C.S. : Parlez-nous un peu de ces expériences communales.

  • María González : Au Venezuela, comme je l’ai déjà dit, il y a toujours un État bourgeois, avec une structure qui, à certains égards, ressemble à celle de l’État espagnol. Mais en même temps se développent des formes d’organisation populaire qui visent, ou du moins c’est leur horizon, à la construction d’un État communal. Il s’agit de deux formes concurrentes et, bien sûr, le processus est très difficile et contradictoire. D’une part, le gouvernement favorise cette forme d’organisation, mais en même temps, les ennemis de ce projet sont aussi internes et se trouvent dans les institutions elles-mêmes. La lutte est quotidienne, parce que dans le chavisme, dans les institutions, il y a des gens qui n’ont qu’une approche social-démocrate, ne souhaitent pas la construction du socialisme. Il y a même ceux qui défendent l’idée qu’une soi-disant « bourgeoisie révolutionnaire » devrait être soutenue. Ensuite, il y a tous ces militants qui, au contraire, défendent que ce qu’il faut faire, c’est soutenir les communes, qui ont besoin de ressources pour pouvoir gérer. Le projet de la commune est celui de l’autogestion, il s’agit d’avoir le contrôle des ressources et de parier sur un développement socio-productif en fonction des besoins territoriaux de chaque communauté. Cela implique aussi de changer la mentalité des Vénézuéliens, habitués à importer et à vivre de la rente pétrolière et c’est maintenant quand ils regardent la terre en arrière. L’objectif de ceux qui sont en faveur de ce projet est de devenir assez forts pour affronter les vieilles structures de L’État bourgeois.

C.S. : Et concrètement, que pourriez-vous savoir sur ce travail ?

  • La vérité est que j’ai été impressionné par ces expériences, que nous ne connaissons pas en dehors du Venezuela ou nous qui sommes solidaires du processus.

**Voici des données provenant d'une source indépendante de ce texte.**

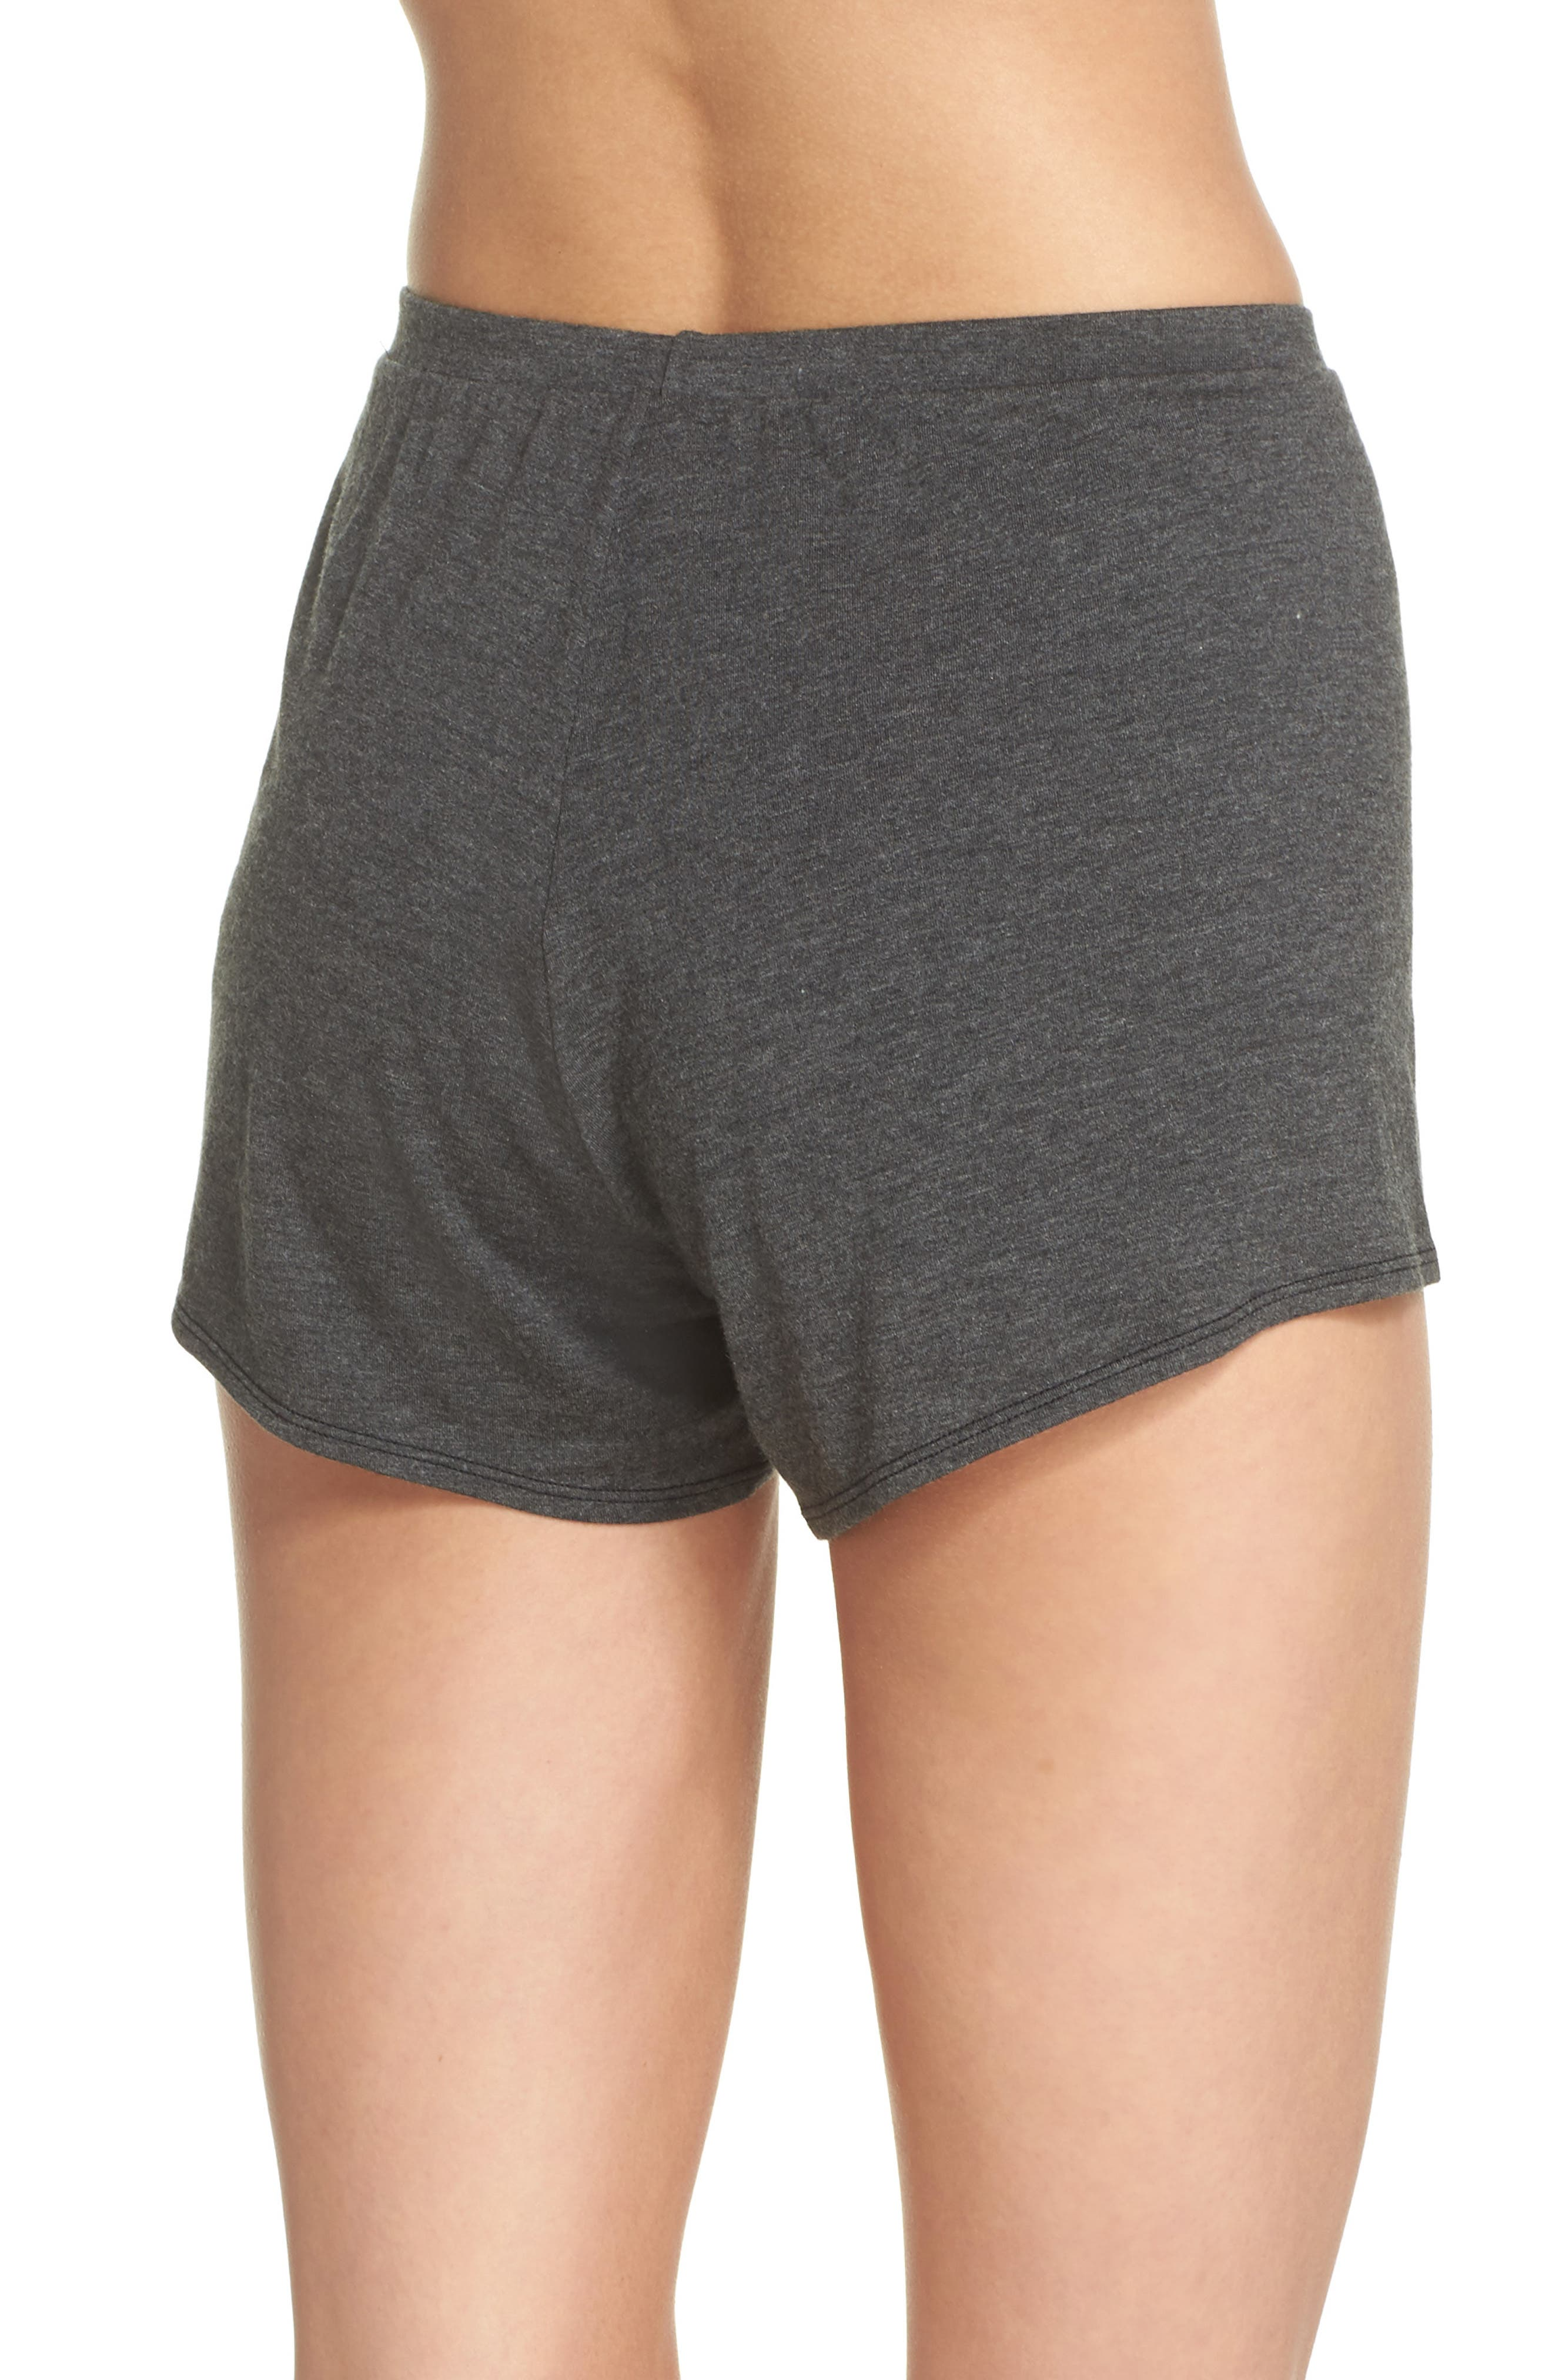 Undressed Pajama Shorts,                             Alternate thumbnail 2, color,                             001

J’ai pu voir comment ils créent ou sont en train d’obtenir des ressources pour démarrer des boulangeries, des magasins ou une banque communale. Tous avec une vision qui n’est pas mercantiliste, mais communautaire, dans laquelle la richesse doit revenir à la communauté pour sa croissance et pour acquérir la souveraineté et l’autonomie gouvernementale. C’est l’une des choses qui ma le plus intéressé de montrer dans notre reportage vidéo.

C.S. : Enfin, quelle impression avez-vous eue de votre voyage sur la capacité des Vénézuéliens à résister à toutes les attaques qu’ils reçoivent, en essayant de continuer le processus bolivarien ?

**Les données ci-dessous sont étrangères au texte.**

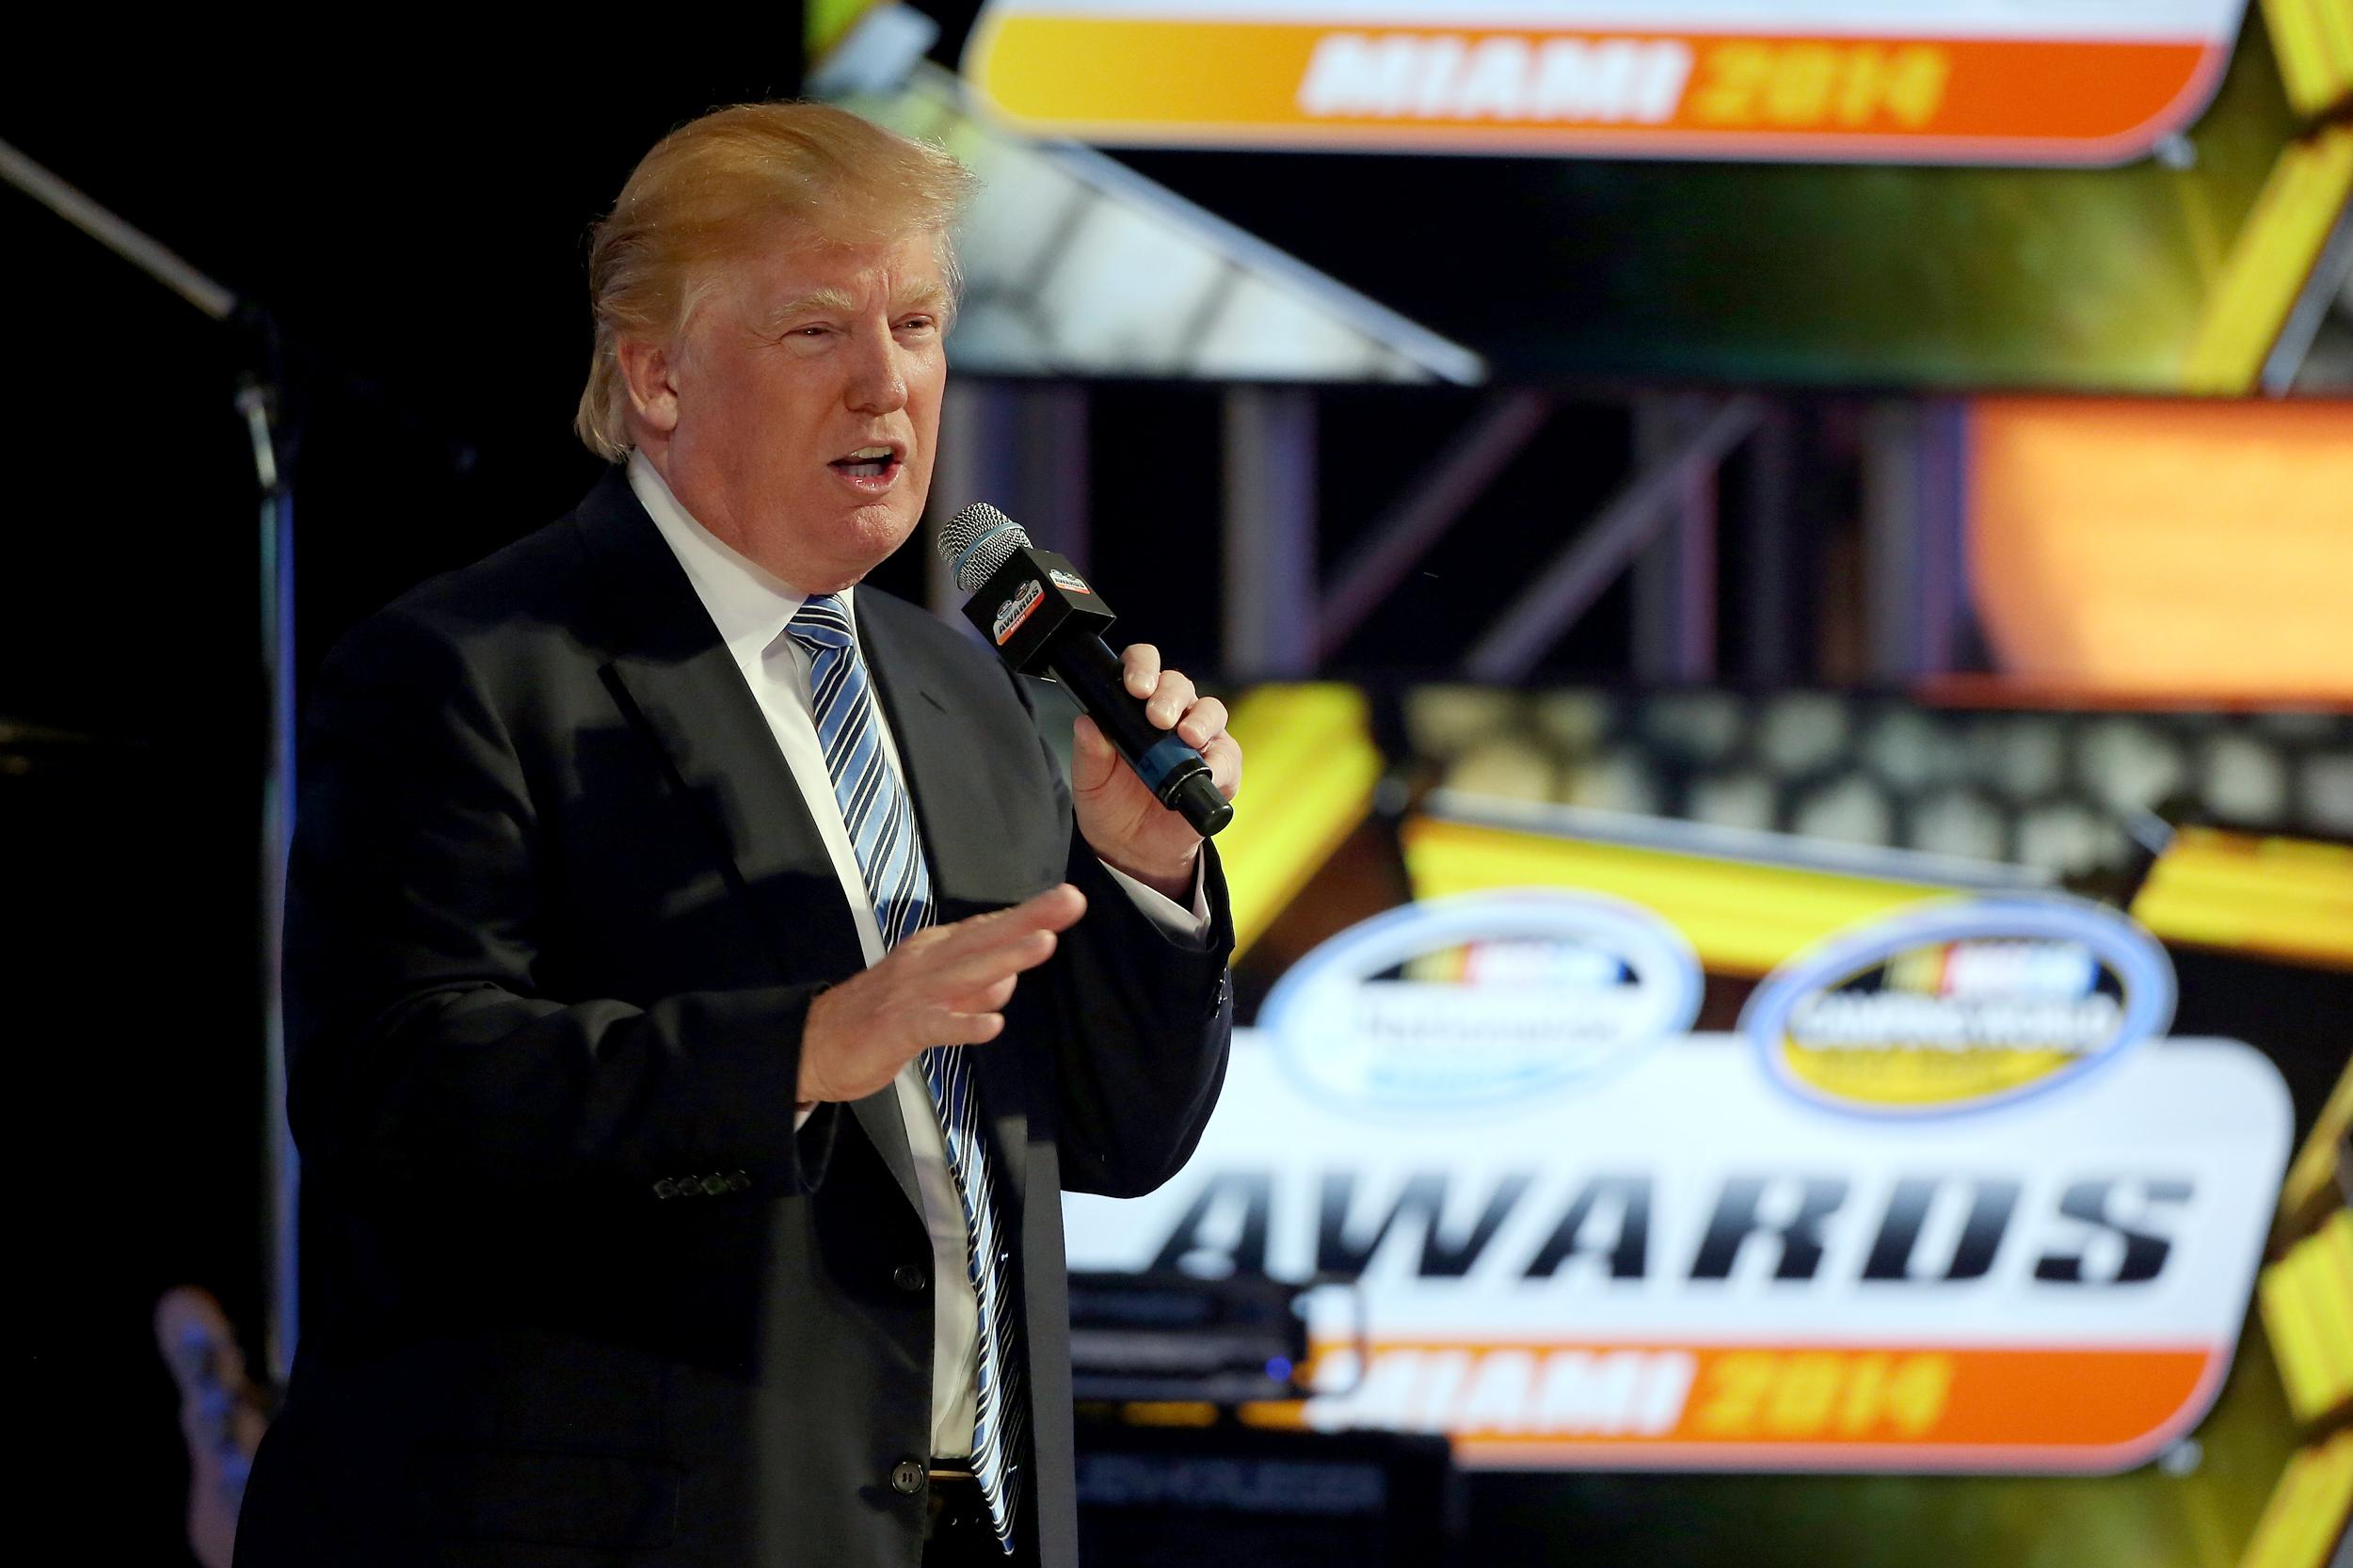 NASCAR Will Not Hold Awards Ceremony at Trump Property

  • Je n’ai aucun doute sur la capacité de résistance du peuple vénézuélien et j’ai pleinement confiance, avant tout, dans la force des militants de base que nous avons rencontrés. Des gens qui croient vraiment au processus, dont le militantisme est quotidien et qui insistent pour continuer à construire au milieu de tant de difficultés, conscients qu’ils sont un exemple pour le reste du monde mais, surtout, de combien ils jouent dans cette lutte.